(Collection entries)
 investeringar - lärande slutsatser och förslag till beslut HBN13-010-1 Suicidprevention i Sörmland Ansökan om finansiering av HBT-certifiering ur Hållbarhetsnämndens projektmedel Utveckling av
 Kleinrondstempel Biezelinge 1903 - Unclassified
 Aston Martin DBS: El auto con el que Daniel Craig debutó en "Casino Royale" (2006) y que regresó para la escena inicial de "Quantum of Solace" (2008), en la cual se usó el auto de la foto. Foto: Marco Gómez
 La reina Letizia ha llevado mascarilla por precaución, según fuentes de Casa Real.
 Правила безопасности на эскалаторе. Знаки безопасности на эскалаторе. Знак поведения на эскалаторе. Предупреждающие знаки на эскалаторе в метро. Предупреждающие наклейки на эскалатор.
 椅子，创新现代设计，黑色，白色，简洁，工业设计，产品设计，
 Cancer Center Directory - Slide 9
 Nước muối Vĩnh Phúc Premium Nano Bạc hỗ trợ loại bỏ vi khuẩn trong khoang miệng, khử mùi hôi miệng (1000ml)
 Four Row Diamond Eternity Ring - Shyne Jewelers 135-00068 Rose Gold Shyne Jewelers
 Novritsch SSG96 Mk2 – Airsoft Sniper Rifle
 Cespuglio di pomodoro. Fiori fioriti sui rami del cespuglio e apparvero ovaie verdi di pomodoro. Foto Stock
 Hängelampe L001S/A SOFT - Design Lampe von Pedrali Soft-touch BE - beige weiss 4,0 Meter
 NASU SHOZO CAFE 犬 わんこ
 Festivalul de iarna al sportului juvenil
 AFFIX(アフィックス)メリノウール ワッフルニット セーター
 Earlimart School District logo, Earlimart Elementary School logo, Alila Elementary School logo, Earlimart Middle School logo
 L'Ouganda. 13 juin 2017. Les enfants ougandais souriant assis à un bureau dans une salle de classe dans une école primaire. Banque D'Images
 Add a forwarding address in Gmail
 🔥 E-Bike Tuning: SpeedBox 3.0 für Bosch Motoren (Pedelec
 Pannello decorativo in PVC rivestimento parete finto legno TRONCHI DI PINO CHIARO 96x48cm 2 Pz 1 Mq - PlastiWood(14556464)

### The problem
From the records above, please extract every line and repeat it exactly.

### Answer for this exercise
 investeringar - lärande slutsatser och förslag till beslut HBN13-010-1 Suicidprevention i Sörmland Ansökan om finansiering av HBT-certifiering ur Hållbarhetsnämndens projektmedel Utveckling av
 Kleinrondstempel Biezelinge 1903 - Unclassified
 Aston Martin DBS: El auto con el que Daniel Craig debutó en "Casino Royale" (2006) y que regresó para la escena inicial de "Quantum of Solace" (2008), en la cual se usó el auto de la foto. Foto: Marco Gómez
 La reina Letizia ha llevado mascarilla por precaución, según fuentes de Casa Real.
 Правила безопасности на эскалаторе. Знаки безопасности на эскалаторе. Знак поведения на эскалаторе. Предупреждающие знаки на эскалаторе в метро. Предупреждающие наклейки на эскалатор.
 椅子，创新现代设计，黑色，白色，简洁，工业设计，产品设计，
 Cancer Center Directory - Slide 9
 Nước muối Vĩnh Phúc Premium Nano Bạc hỗ trợ loại bỏ vi khuẩn trong khoang miệng, khử mùi hôi miệng (1000ml)
 Four Row Diamond Eternity Ring - Shyne Jewelers 135-00068 Rose Gold Shyne Jewelers
 Novritsch SSG96 Mk2 – Airsoft Sniper Rifle
 Cespuglio di pomodoro. Fiori fioriti sui rami del cespuglio e apparvero ovaie verdi di pomodoro. Foto Stock
 Hängelampe L001S/A SOFT - Design Lampe von Pedrali Soft-touch BE - beige weiss 4,0 Meter
 NASU SHOZO CAFE 犬 わんこ
 Festivalul de iarna al sportului juvenil
 AFFIX(アフィックス)メリノウール ワッフルニット セーター
 Earlimart School District logo, Earlimart Elementary School logo, Alila Elementary School logo, Earlimart Middle School logo
 L'Ouganda. 13 juin 2017. Les enfants ougandais souriant assis à un bureau dans une salle de classe dans une école primaire. Banque D'Images
 Add a forwarding address in Gmail
 🔥 E-Bike Tuning: SpeedBox 3.0 für Bosch Motoren (Pedelec
 Pannello decorativo in PVC rivestimento parete finto legno TRONCHI DI PINO CHIARO 96x48cm 2 Pz 1 Mq - PlastiWood(14556464)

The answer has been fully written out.